What the On-Chain Data Shows
Rosie's on-chain profile is remarkably clean for a pump.fun graduate. The Rugcheck score is 1 — the lowest possible risk rating. No freeze authority. No mint authority. Both are disabled, which means the deployer can't freeze transfers or inflate supply post-launch. These are baseline hygiene checks that many pump.fun tokens fail.
The holder distribution is where this gets interesting. The top 3 wallets control just 10.4% of total supply — 4.42%, 3.07%, and 2.92% respectively. None are flagged as insider wallets. That level of distribution is unusually healthy for a token this young. Most sub-24-hour pump.fun graduates have 30-50% concentration in the top 3. Rosie's distribution looks more like a token that's been live for a week. The deployer wallet holds zero balance — they deployed and walked away.
The Bear Case
Clean on-chain data doesn't make this a safe trade. Rosie is a nameless meme with no narrative hook beyond the pump itself. There's no TikTok moment, no viral tweet, no political angle — just a name and momentum. Tokens that pump purely on velocity without a narrative anchor tend to give back 70-90% once the initial wave of attention fades. The $89K liquidity pool is thin enough that exit liquidity evaporates fast when sentiment flips.
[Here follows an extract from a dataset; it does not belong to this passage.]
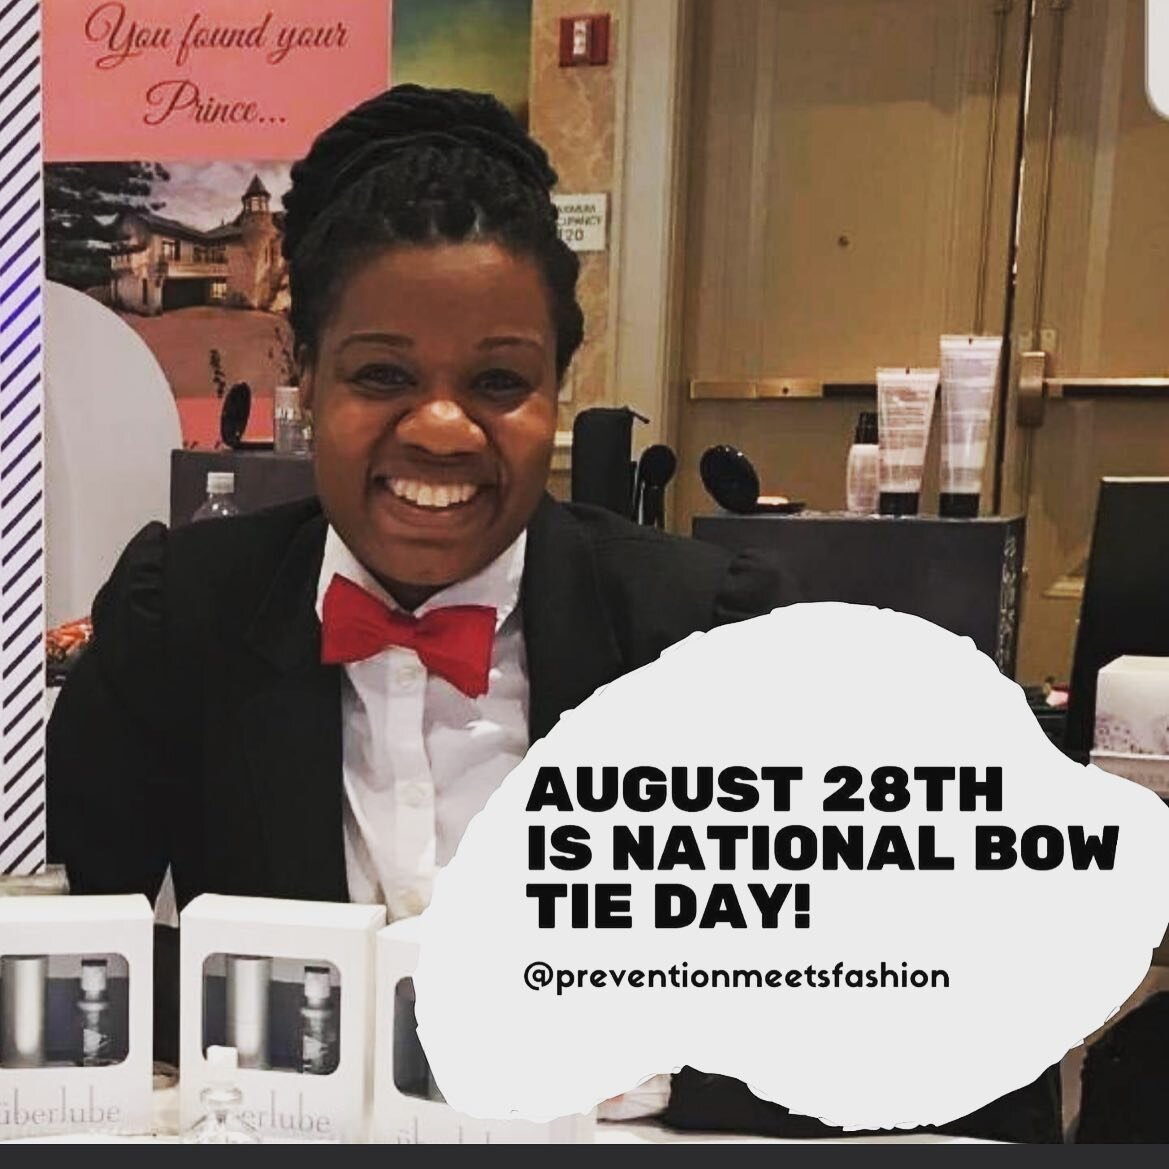 Happy National Bow Tie Day!

Are you a #bowtie lover? #preventionmeetsfashion #nationalbowtieday

The 2,717% 24-hour gain is already priced into the chart. Anyone buying at $1M market cap is betting that this token has another leg — and historically, pump.fun graduates that clear $1M without established CT backing have a survival rate measured in single digits. The balanced buy/sell ratio suggests the equilibrium is already teetering. When it tips, it tips fast.
What is Rosie ($Rosie) on Solana?
Rosie is a meme token on Solana that launched via pump.fun's bonding curve mechanism and graduated to Jupiter's decentralized exchange. It reached a $1M market cap within hours of launch, driven by high organic trading activity.
What does Jupiter's organic score mean for Rosie?
Jupiter's organic score measures how much trading volume comes from real users versus bots. Rosie's 86.3 score (out of 100) indicates that the vast majority of trading activity is from genuine human buyers, not automated wash trading.
Is Rosie safe to trade?
Rosie has no freeze or mint authority, a Rugcheck score of 1, and low holder concentration (10.4% in top 3 wallets). While these are positive safety indicators, meme tokens remain extremely high-risk. The thin $89K liquidity pool means large sells can cause significant price impact.